__Work item__: Copy the lines below word for word, skipping any image.

__Collected data__:
····················
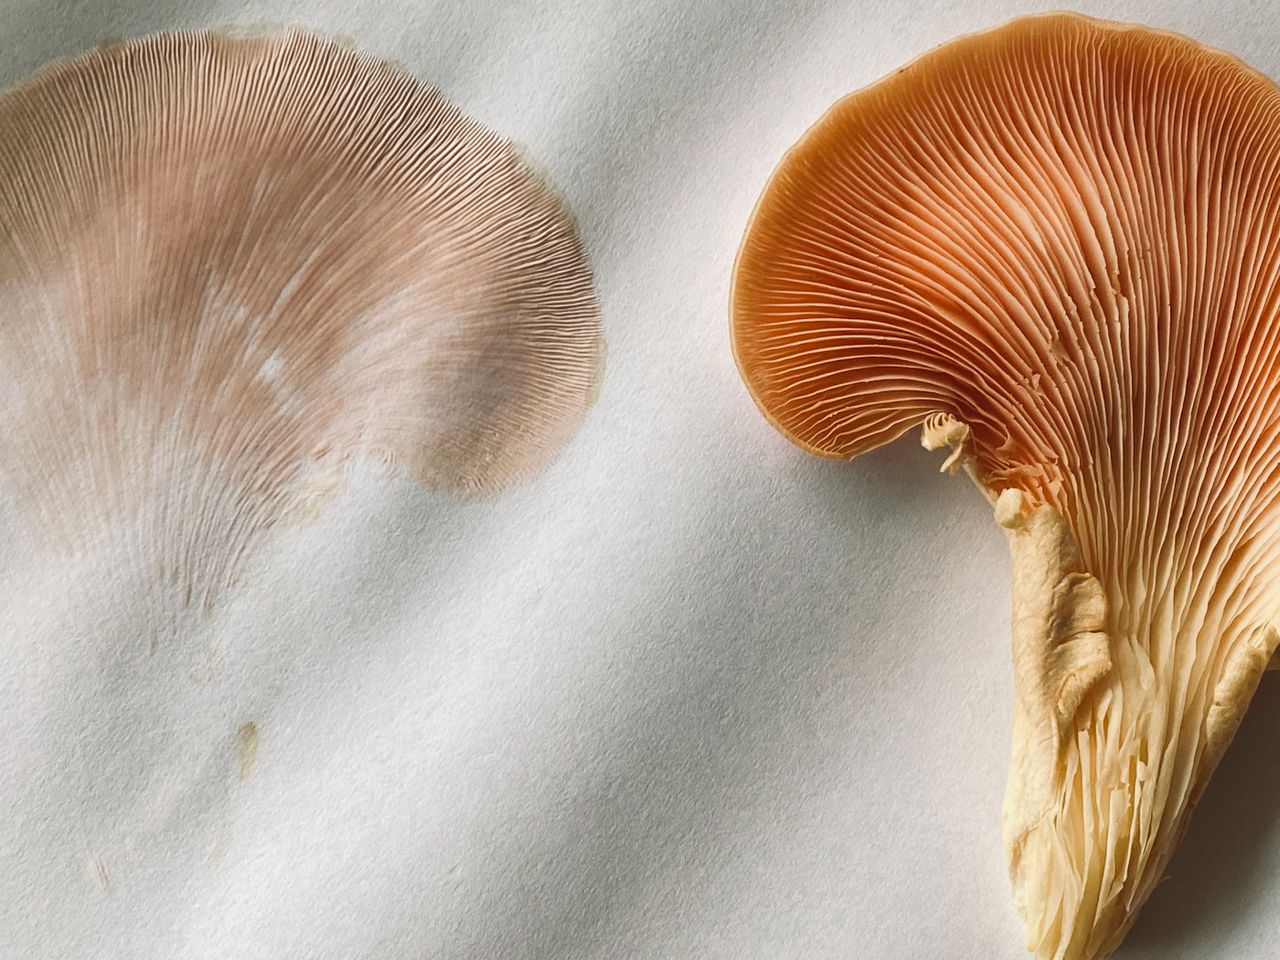 A spore print of one ear of the mushroom
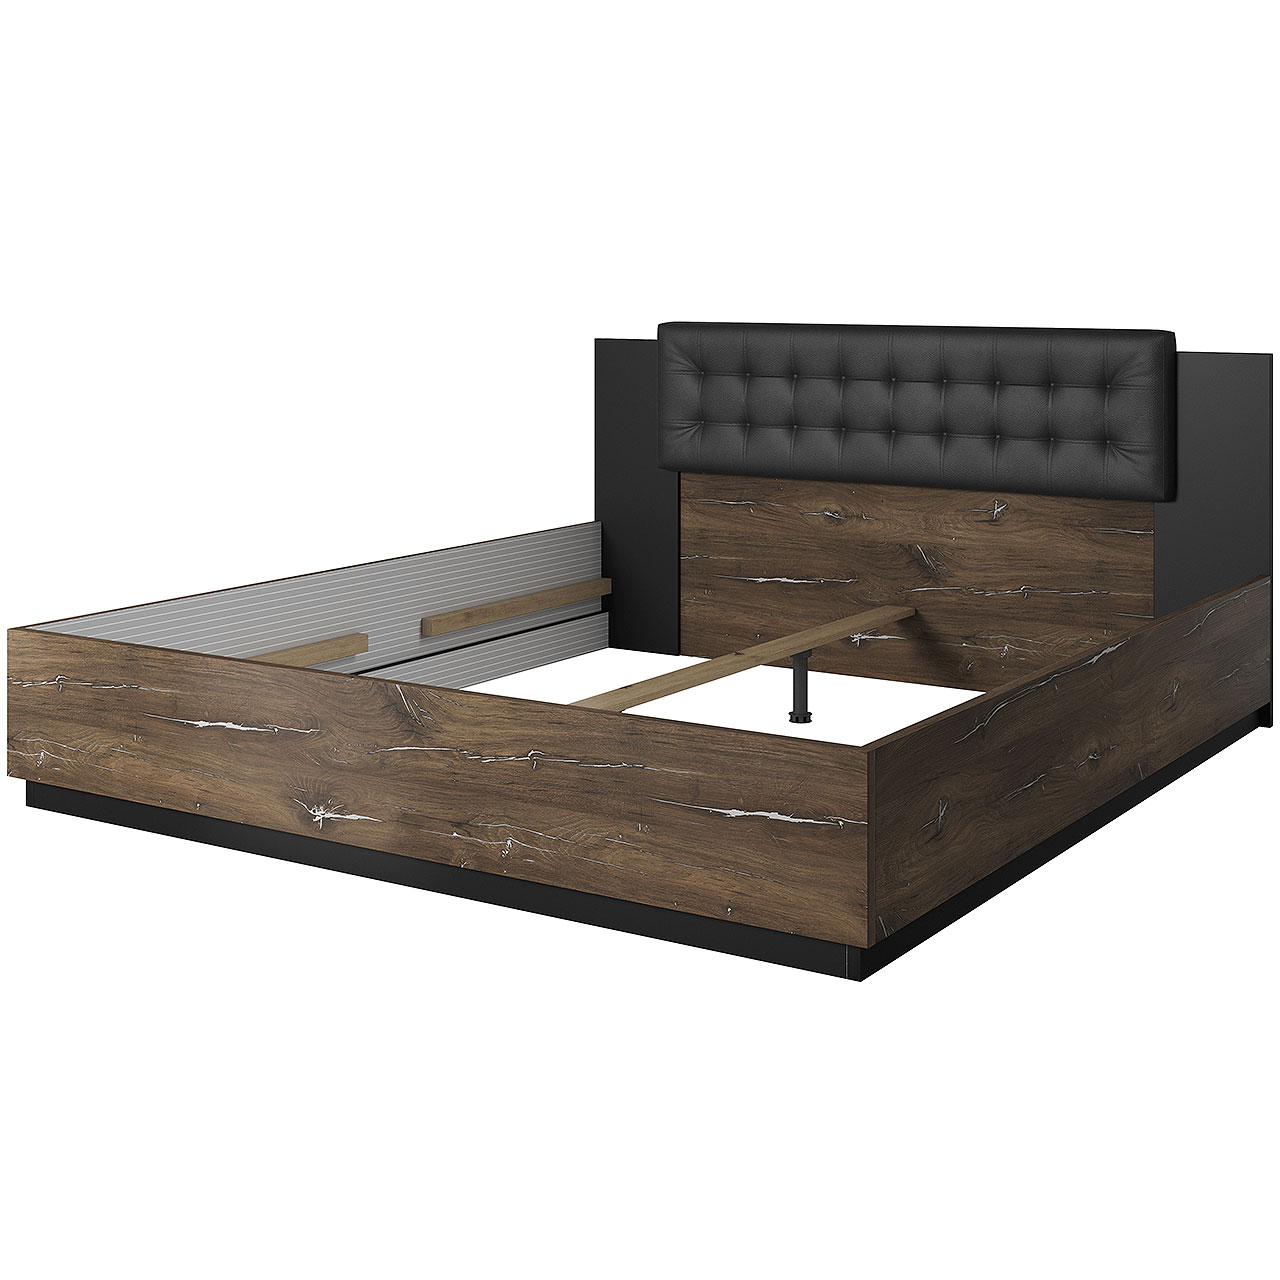 Bed 160x200 SIGMA SG31 oak flagstaf steel / black
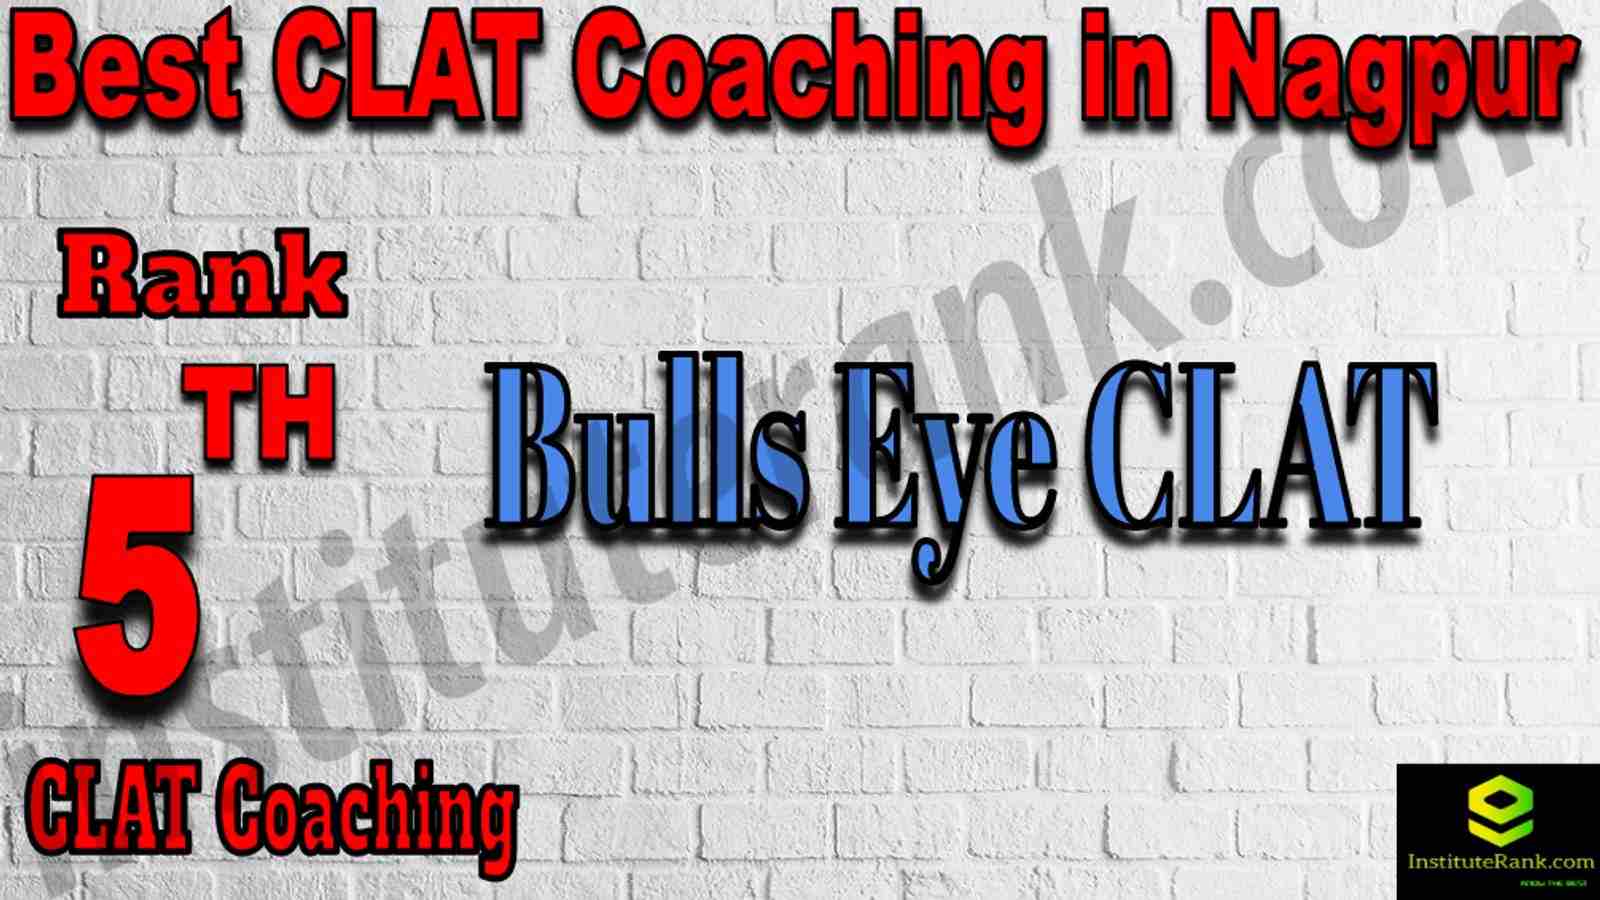 5th Best CLAT Coaching in Nagpur
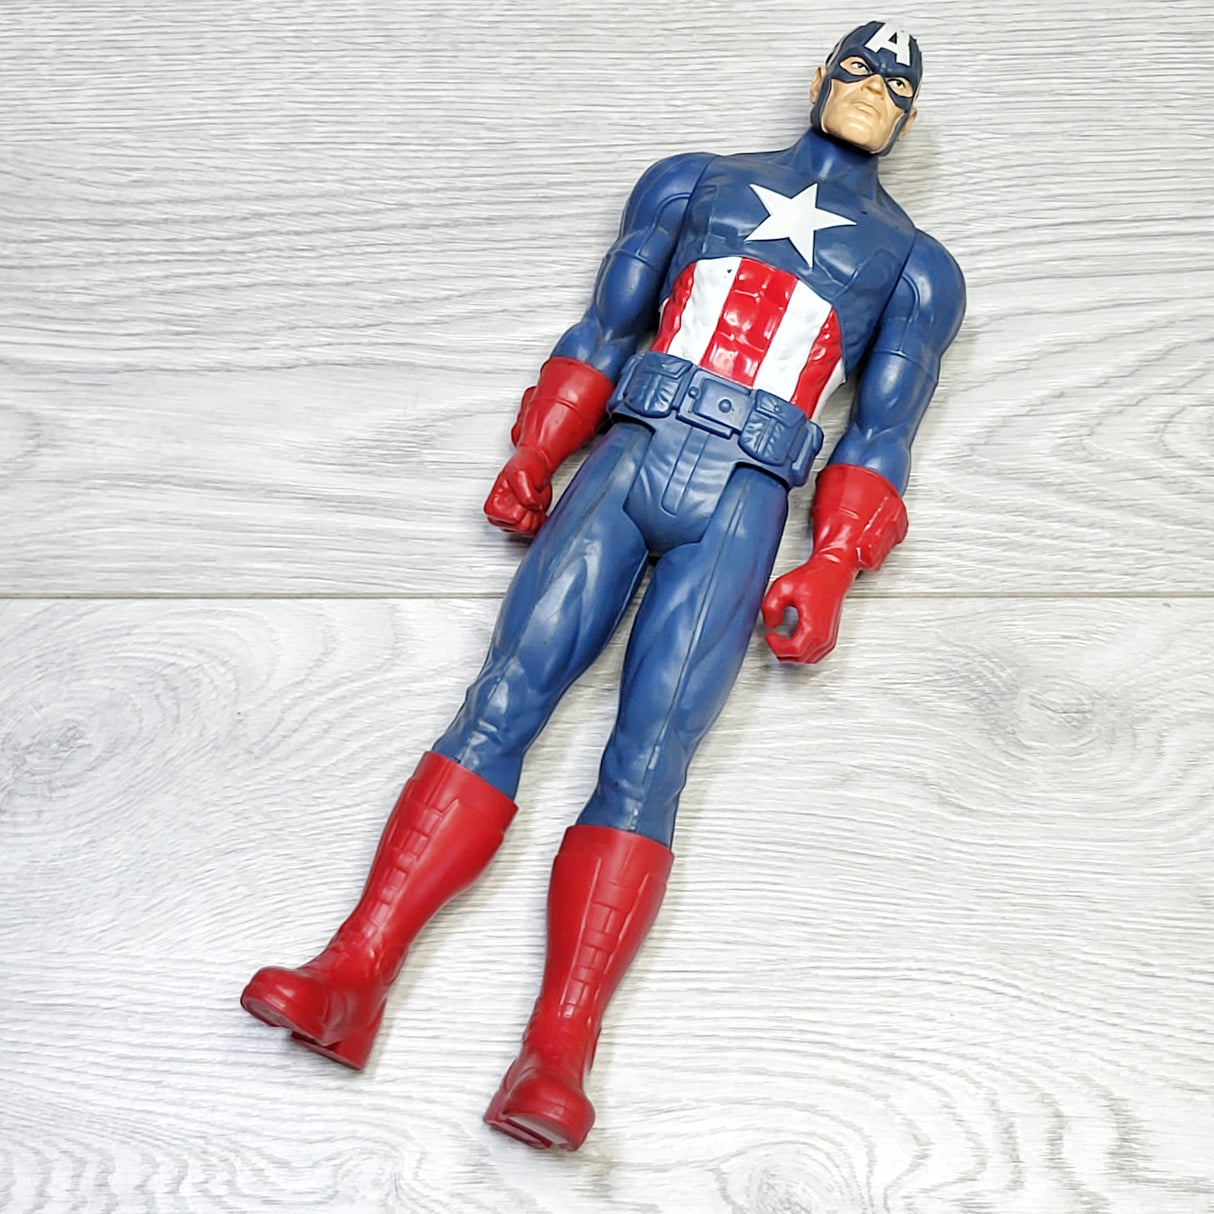 SPLT3 - Captain America action figure
····················
__Answer section__:
 A spore print of one ear of the mushroom
 Bed 160x200 SIGMA SG31 oak flagstaf steel / black
 5th Best CLAT Coaching in Nagpur
 SPLT3 - Captain America action figure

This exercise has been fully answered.